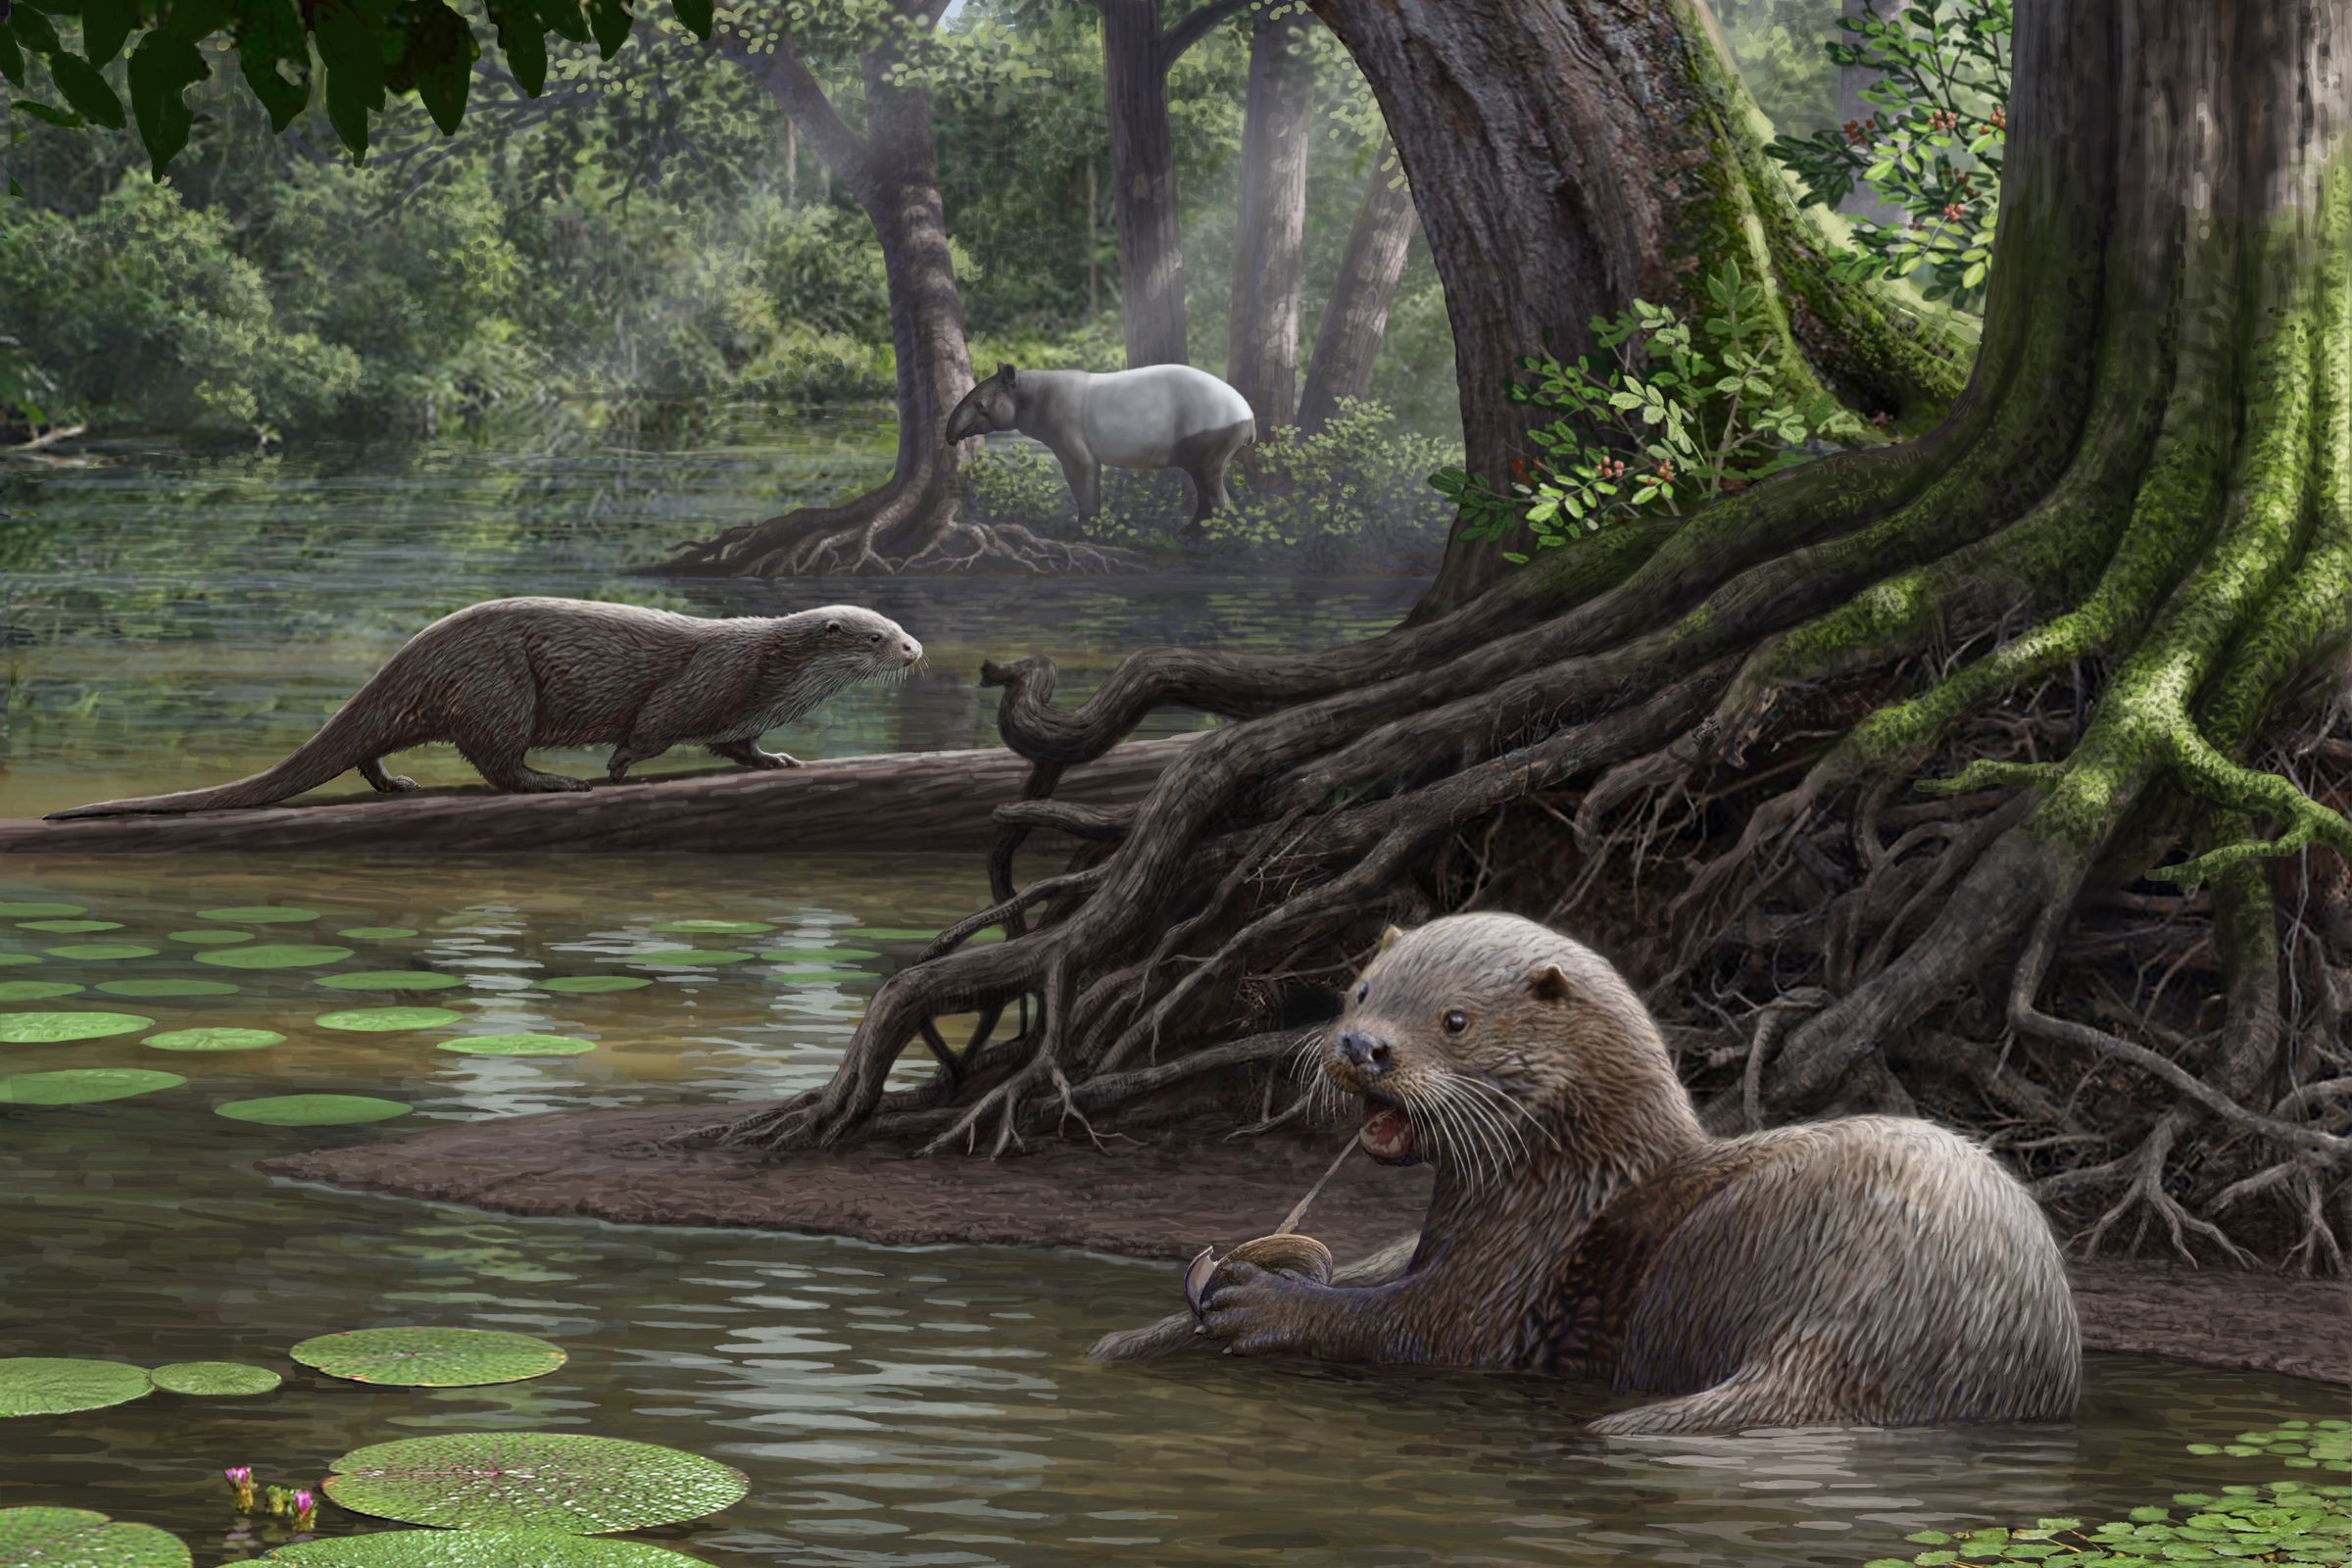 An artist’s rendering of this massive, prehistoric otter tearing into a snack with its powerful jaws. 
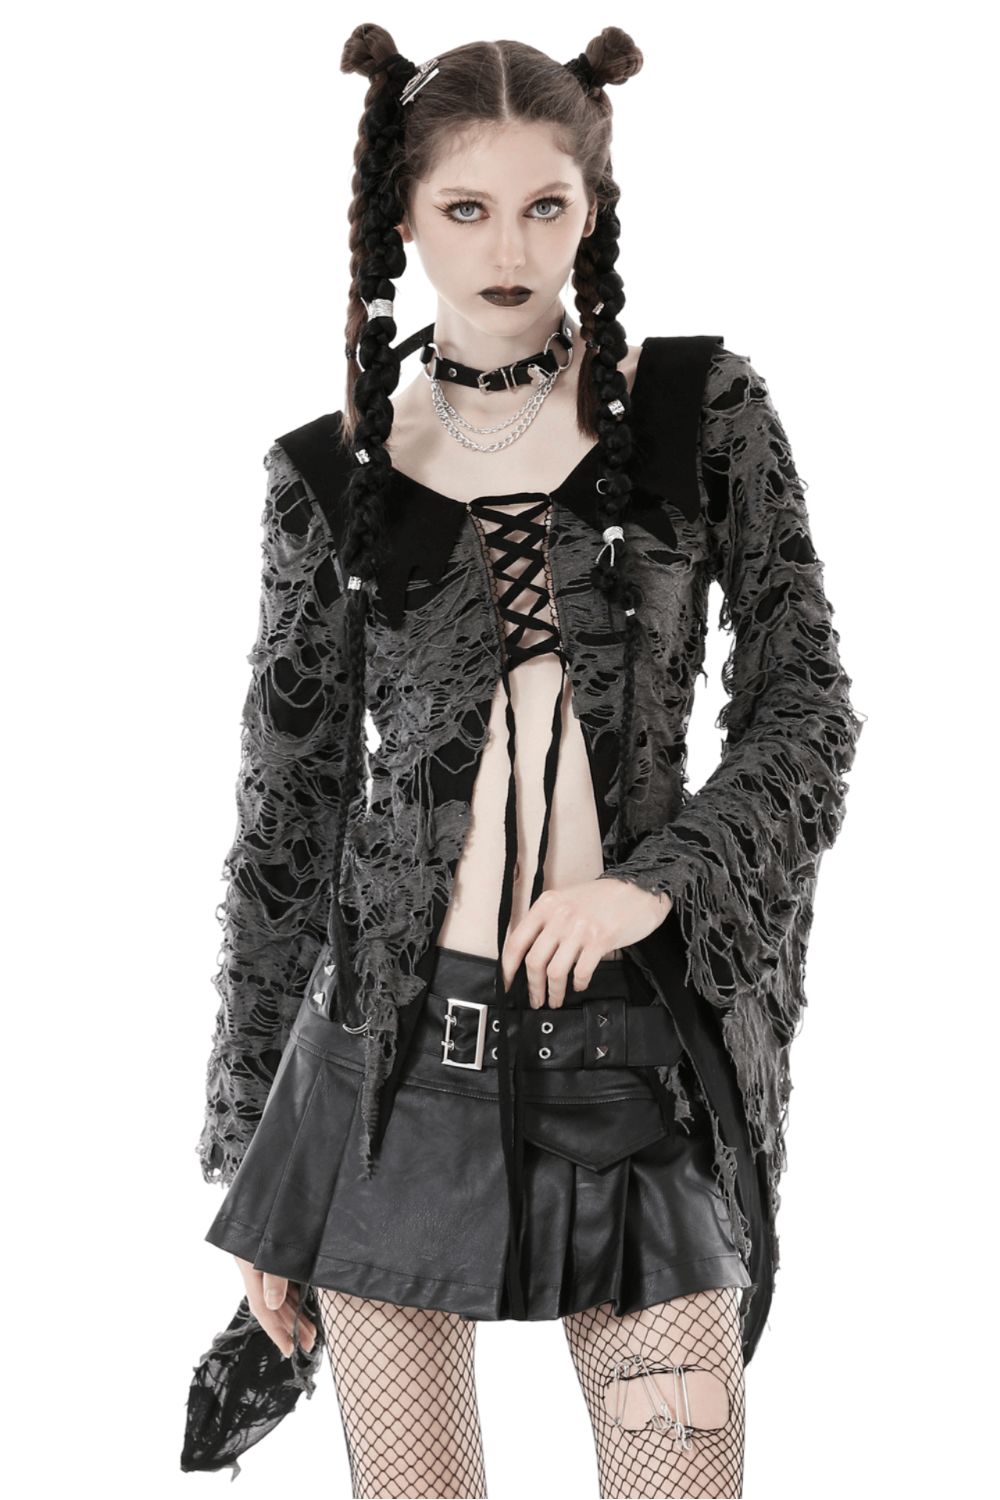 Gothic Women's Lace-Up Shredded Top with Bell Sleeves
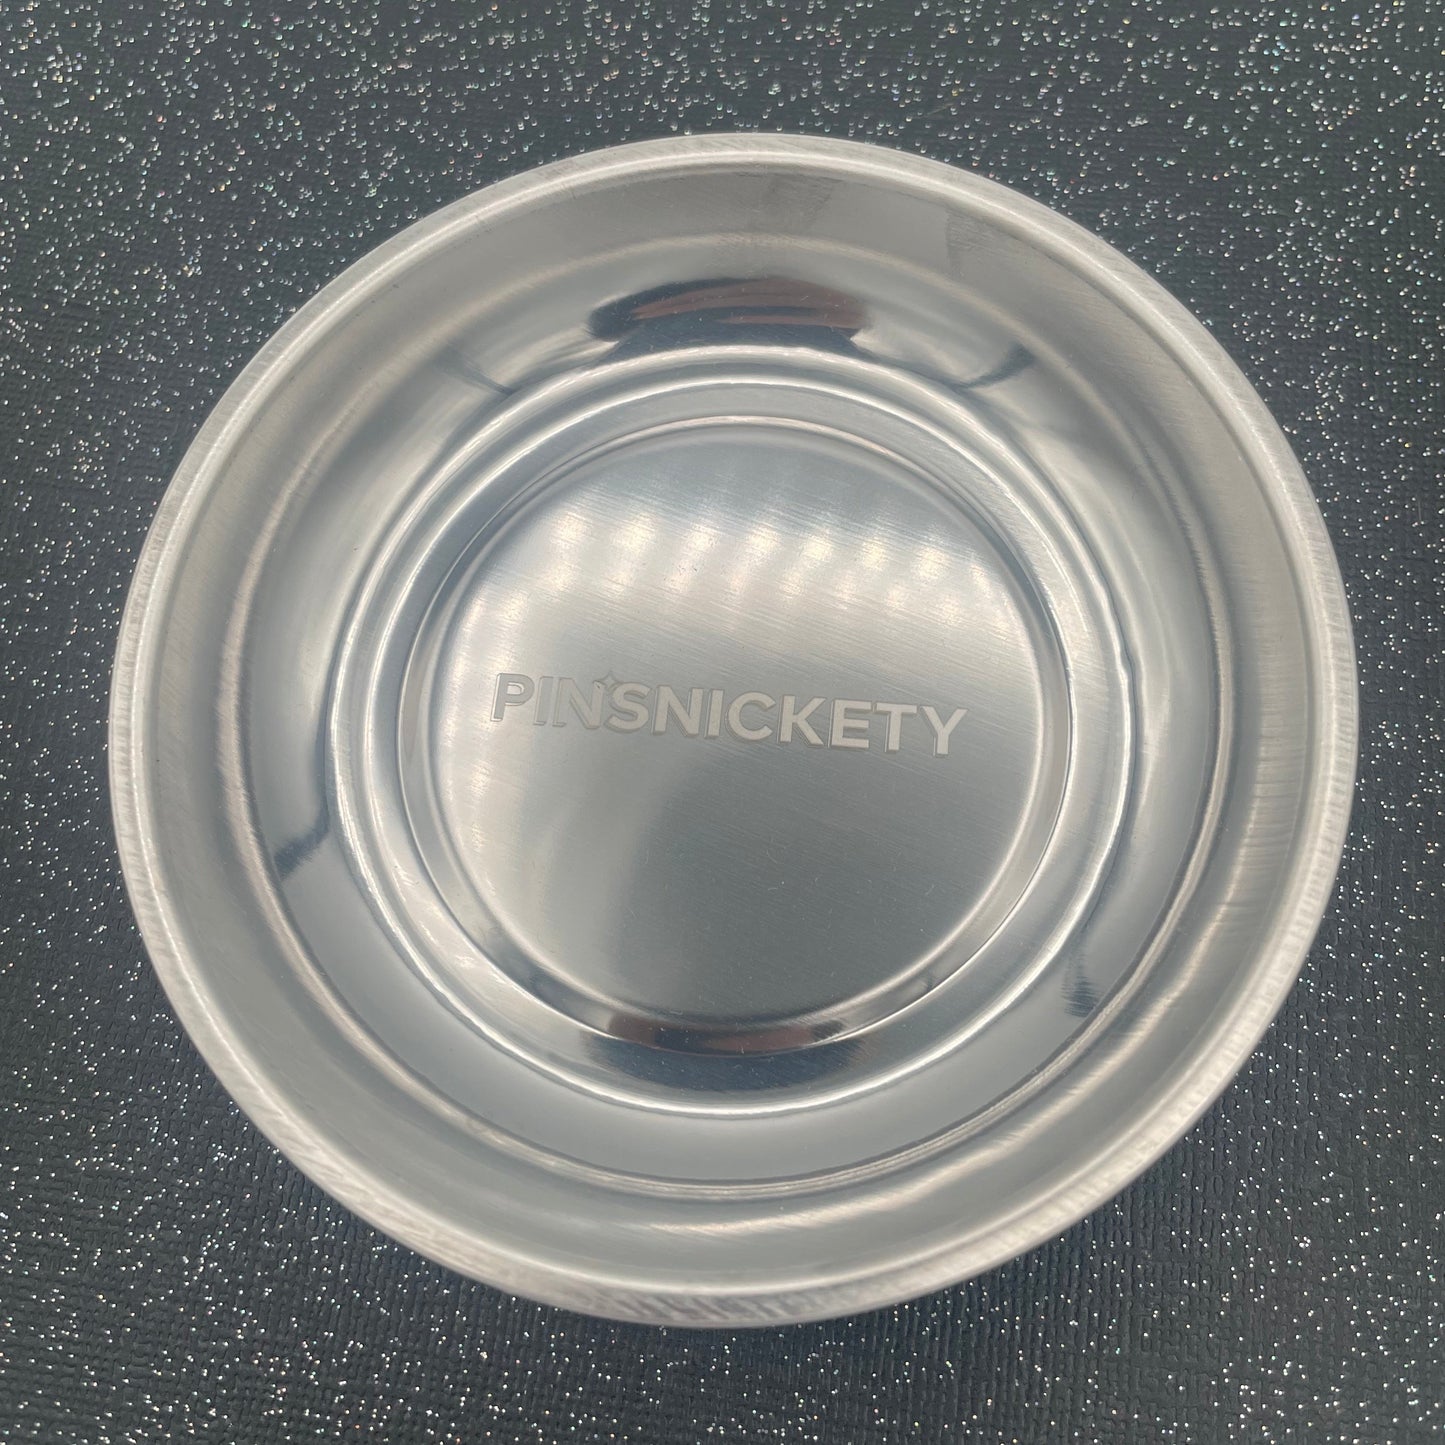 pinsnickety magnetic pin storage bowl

● Work request:
Reproduce the lines above letter for letter. The pictures stay behind.

● Task result:
 An artist’s rendering of this massive, prehistoric otter tearing into a snack with its powerful jaws. 
 Gothic Women's Lace-Up Shredded Top with Bell Sleeves
 pinsnickety magnetic pin storage bowl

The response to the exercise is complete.